0 Replies Latest reply on Nov 19, 2010 4:43 AM by Masao Kato

    lost message after the recover of the network error by cluster message transfer

    Masao Kato Newbie

      Hi, I am testing the cluster with HornetQ on JBoss5. (HornetQ2.1.1Final with JBossEAP5.1)

       

      There is the case that The network error generates it by the message transport between cluster nodes. The message has disappeared after the network error recovers.

       

      I reproduced a problem by the following scenarios.

       

      1. Constitute a cluster in two nodes(node#0,node#1)
      2. Send a message to node#0 from a client
      3. When a message is forwarded to node#1 by node#0, stop with a remote debugger.(*1)
      4. The network cable of node#1 is pulled out.
      5. Restart node#0 from the stop of the breakpoint.
      6. The network cable of node#1 ties when doing for a while.

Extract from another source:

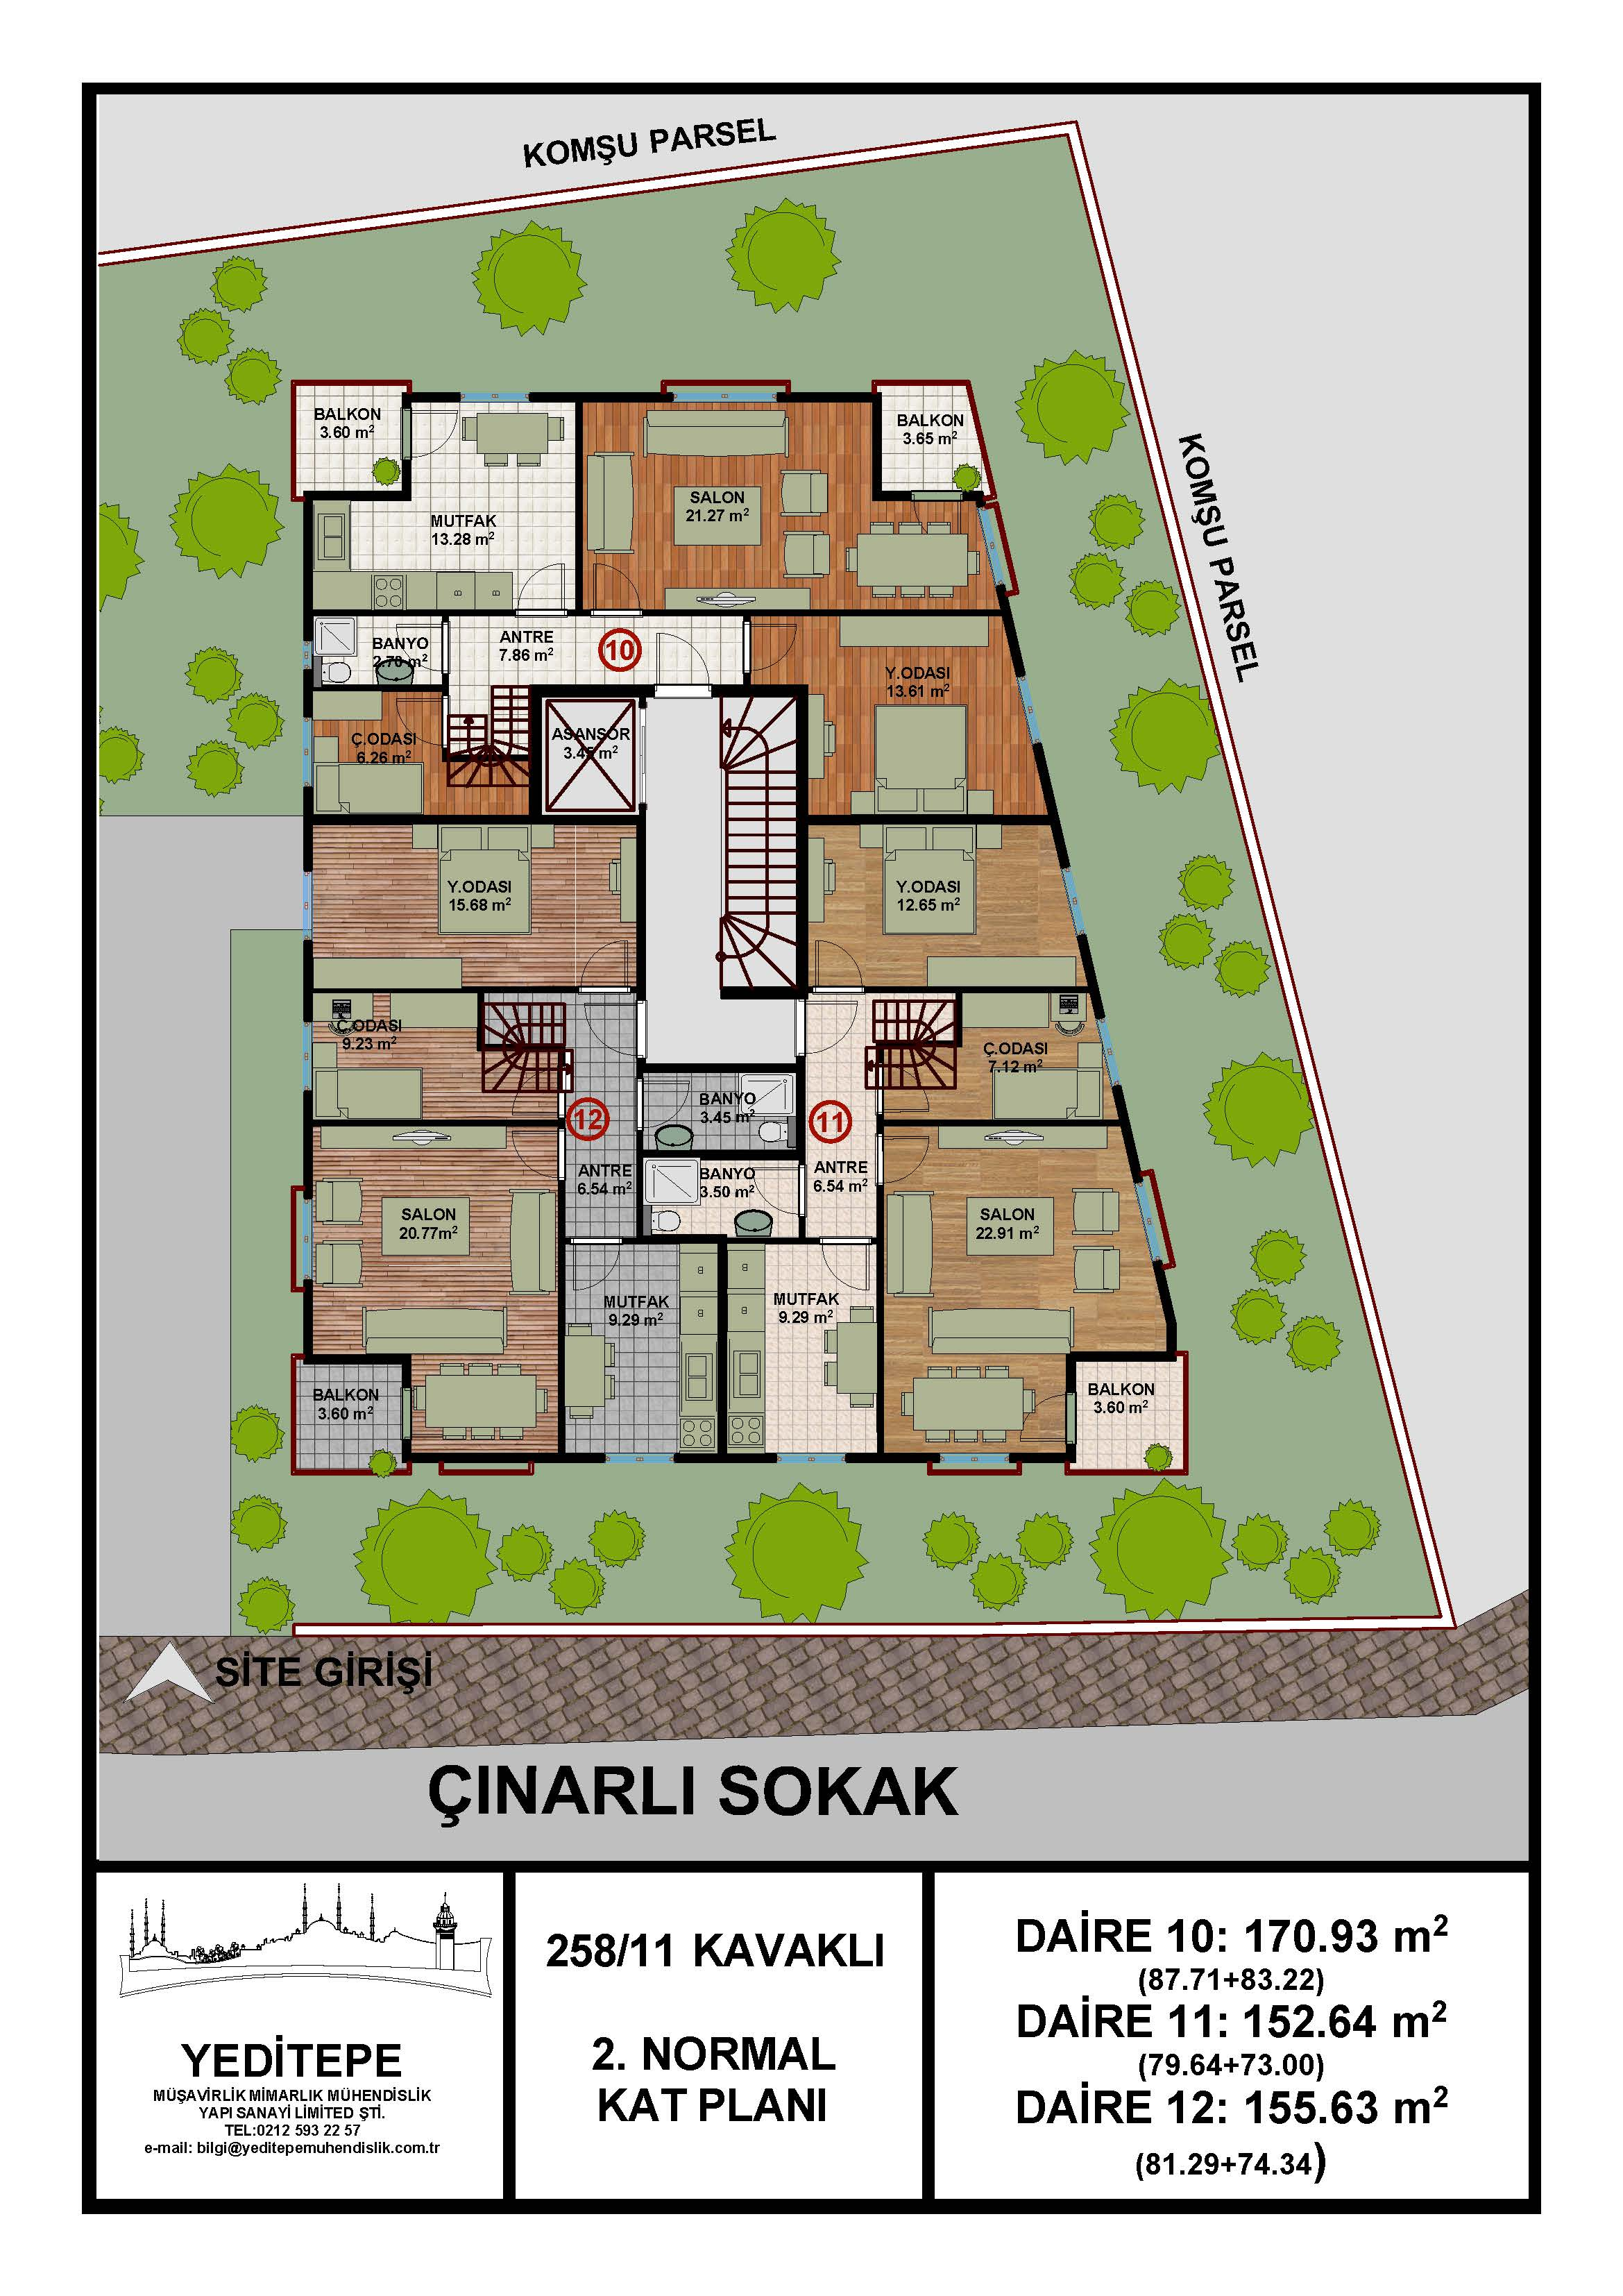 Sinan KORKMAZ 2.Normal Kat

      It waits until "WARN  [org.hornetq.core.protocol.core.impl.RemotingConnectionImpl] (hornetq-failure-check-thread) Connection failure has been detected: Did not receive ping from /***.***.***.***:****. It is likely the client has exited or crashed without closing its connection, or the network between the server and client has failed. The connection will now be closed. [code=3]" outputs it with server.log of node#0.

       

      *1 BreakPoint
      BridgeImpl.java
          handle(final MessageReference ref)
              producer.send(dest, message);

       

      After connecting the network, the message doesn't remain in node#0 and #1.
      And, the warning has come out.
      "WARN  [ChannelImpl] Can't find packet to clear:  last received command id 10 first stored command id 0"

       


      This message is output in clearUpTo() of org.hornetq.core.protocol.core.impl.ChannelImpl

      ==

         private void clearUpTo(final int lastReceivedCommandID)
         {
            final int numberToClear = 1 + lastReceivedCommandID - firstStoredCommandID;
      
            if (numberToClear == -1)
            {
               throw new IllegalArgumentException("Invalid lastReceivedCommandID: " + lastReceivedCommandID);
            }
      
            int sizeToFree = 0;
      
            for (int i = 0; i < numberToClear; i++)
            {
               final Packet packet = resendCache.poll();
      
               if (packet == null)
               {
                  ChannelImpl.log.warn("Can't find packet to clear: " + " last received command id " +
                                       lastReceivedCommandID +
                                       " first stored command id " +
                                       firstStoredCommandID);
                  return;
               }
      
               if (packet.getType() != PacketImpl.PACKETS_CONFIRMED)
               {
                  sizeToFree += packet.getPacketSize();
               }
      
               if (commandConfirmationHandler != null)
               {
                  commandConfirmationHandler.commandConfirmed(packet);
               }
            }
      
            firstStoredCommandID += numberToClear;
         }
      
      
      

      ==

       

      It means that lastReceivedCommandID and resendCache.size() does not match.
      In addition, the data of resendCache are handled when a value of lastReceivedCommandID will be anything.

       

      I think:

      • When a network error happens, lastReceivedCommandID slips off

      Perhaps I think that command about reconnecting it by failover increases

      • As for the response that is not the forwarding message, the ACK processing of forwarding is done.

       

      Is this thought right?
      I hope this problem solves.

       

      Thanks.